START Dataset entries

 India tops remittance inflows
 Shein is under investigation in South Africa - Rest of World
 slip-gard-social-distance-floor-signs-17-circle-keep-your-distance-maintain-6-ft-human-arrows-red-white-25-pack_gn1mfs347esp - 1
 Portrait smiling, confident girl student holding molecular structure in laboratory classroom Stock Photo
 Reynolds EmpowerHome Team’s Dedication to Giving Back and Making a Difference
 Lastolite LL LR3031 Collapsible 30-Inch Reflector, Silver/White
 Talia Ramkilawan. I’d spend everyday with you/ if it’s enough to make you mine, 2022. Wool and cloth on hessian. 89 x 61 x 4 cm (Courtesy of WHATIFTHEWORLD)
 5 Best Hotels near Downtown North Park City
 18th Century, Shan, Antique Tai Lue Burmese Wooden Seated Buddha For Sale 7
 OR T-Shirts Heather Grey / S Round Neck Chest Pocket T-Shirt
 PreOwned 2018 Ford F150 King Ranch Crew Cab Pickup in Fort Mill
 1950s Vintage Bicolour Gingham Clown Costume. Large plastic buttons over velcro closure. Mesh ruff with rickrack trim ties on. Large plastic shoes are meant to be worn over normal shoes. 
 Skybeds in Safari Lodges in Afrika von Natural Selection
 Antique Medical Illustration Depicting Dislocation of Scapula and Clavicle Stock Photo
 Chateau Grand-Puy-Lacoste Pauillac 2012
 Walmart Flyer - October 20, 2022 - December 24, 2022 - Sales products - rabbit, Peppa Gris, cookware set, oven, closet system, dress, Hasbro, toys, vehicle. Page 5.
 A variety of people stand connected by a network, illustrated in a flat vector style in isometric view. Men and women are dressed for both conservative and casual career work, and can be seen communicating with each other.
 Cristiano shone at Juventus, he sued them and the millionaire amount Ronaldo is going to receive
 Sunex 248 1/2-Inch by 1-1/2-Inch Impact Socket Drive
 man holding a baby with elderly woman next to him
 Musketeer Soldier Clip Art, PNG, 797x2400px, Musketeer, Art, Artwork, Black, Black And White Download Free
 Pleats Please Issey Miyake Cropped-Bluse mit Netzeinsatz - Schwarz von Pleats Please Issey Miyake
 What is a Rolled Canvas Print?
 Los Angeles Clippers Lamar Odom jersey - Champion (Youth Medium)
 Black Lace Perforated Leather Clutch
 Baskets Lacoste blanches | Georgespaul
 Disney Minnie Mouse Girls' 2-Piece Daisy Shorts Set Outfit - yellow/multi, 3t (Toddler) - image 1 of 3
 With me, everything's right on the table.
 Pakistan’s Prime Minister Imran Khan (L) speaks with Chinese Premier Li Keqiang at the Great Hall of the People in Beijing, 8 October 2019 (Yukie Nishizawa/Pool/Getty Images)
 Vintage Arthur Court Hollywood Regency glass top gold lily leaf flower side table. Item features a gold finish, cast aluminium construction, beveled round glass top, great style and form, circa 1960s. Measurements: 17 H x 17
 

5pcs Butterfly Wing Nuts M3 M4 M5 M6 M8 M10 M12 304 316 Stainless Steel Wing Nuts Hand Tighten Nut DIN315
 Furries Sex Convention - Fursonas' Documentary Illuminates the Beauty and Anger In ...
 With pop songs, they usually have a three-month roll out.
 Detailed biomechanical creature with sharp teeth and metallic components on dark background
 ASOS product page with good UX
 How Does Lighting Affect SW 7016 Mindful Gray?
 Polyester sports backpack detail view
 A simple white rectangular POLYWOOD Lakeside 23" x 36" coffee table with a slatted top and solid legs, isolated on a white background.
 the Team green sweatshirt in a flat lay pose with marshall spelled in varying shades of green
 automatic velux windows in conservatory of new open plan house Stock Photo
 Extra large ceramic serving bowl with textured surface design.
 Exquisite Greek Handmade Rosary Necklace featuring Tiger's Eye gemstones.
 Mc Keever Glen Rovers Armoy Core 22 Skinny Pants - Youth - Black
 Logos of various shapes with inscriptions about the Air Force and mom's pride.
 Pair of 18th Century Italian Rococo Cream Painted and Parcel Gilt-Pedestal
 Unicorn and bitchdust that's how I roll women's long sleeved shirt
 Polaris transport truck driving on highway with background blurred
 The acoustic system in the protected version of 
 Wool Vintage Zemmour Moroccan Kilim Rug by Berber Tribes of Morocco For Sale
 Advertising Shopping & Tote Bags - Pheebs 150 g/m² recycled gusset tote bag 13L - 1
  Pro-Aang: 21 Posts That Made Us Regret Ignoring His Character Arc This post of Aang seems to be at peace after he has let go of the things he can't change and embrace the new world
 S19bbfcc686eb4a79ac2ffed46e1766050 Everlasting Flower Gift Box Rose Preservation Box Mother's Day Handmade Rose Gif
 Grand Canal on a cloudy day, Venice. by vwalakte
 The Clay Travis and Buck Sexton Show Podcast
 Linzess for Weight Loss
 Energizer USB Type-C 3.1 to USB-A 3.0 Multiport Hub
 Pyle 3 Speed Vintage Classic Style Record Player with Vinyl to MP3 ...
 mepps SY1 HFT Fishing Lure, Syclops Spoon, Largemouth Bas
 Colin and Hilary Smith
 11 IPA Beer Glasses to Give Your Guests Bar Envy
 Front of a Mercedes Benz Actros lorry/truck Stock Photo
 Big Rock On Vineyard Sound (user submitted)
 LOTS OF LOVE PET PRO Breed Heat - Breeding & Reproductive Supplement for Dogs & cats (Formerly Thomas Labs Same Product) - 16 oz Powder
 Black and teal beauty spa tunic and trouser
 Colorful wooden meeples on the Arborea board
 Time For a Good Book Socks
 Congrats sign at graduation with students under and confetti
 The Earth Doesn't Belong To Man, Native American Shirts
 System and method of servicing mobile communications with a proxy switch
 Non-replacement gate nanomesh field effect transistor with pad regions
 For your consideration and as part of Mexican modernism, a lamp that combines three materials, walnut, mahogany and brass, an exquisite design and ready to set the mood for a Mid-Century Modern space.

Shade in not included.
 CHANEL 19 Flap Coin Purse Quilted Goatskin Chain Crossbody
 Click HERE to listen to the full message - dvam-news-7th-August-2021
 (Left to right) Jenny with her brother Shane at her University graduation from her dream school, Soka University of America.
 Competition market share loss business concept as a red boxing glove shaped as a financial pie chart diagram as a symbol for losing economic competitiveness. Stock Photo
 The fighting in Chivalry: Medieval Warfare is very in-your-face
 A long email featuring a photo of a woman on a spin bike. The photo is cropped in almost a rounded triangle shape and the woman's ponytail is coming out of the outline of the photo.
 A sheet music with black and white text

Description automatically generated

END Dataset entries

### To do
Which lines above run from the one containing "The acoustic system" to the one containing "Click HERE to"? Give them again exactly, both ends included.

### Task solution
 The acoustic system in the protected version of 
 Wool Vintage Zemmour Moroccan Kilim Rug by Berber Tribes of Morocco For Sale
 Advertising Shopping & Tote Bags - Pheebs 150 g/m² recycled gusset tote bag 13L - 1
  Pro-Aang: 21 Posts That Made Us Regret Ignoring His Character Arc This post of Aang seems to be at peace after he has let go of the things he can't change and embrace the new world
 S19bbfcc686eb4a79ac2ffed46e1766050 Everlasting Flower Gift Box Rose Preservation Box Mother's Day Handmade Rose Gif
 Grand Canal on a cloudy day, Venice. by vwalakte
 The Clay Travis and Buck Sexton Show Podcast
 Linzess for Weight Loss
 Energizer USB Type-C 3.1 to USB-A 3.0 Multiport Hub
 Pyle 3 Speed Vintage Classic Style Record Player with Vinyl to MP3 ...
 mepps SY1 HFT Fishing Lure, Syclops Spoon, Largemouth Bas
 Colin and Hilary Smith
 11 IPA Beer Glasses to Give Your Guests Bar Envy
 Front of a Mercedes Benz Actros lorry/truck Stock Photo
 Big Rock On Vineyard Sound (user submitted)
 LOTS OF LOVE PET PRO Breed Heat - Breeding & Reproductive Supplement for Dogs & cats (Formerly Thomas Labs Same Product) - 16 oz Powder
 Black and teal beauty spa tunic and trouser
 Colorful wooden meeples on the Arborea board
 Time For a Good Book Socks
 Congrats sign at graduation with students under and confetti
 The Earth Doesn't Belong To Man, Native American Shirts
 System and method of servicing mobile communications with a proxy switch
 Non-replacement gate nanomesh field effect transistor with pad regions
 For your consideration and as part of Mexican modernism, a lamp that combines three materials, walnut, mahogany and brass, an exquisite design and ready to set the mood for a Mid-Century Modern space.

Shade in not included.
 CHANEL 19 Flap Coin Purse Quilted Goatskin Chain Crossbody
 Click HERE to listen to the full message - dvam-news-7th-August-2021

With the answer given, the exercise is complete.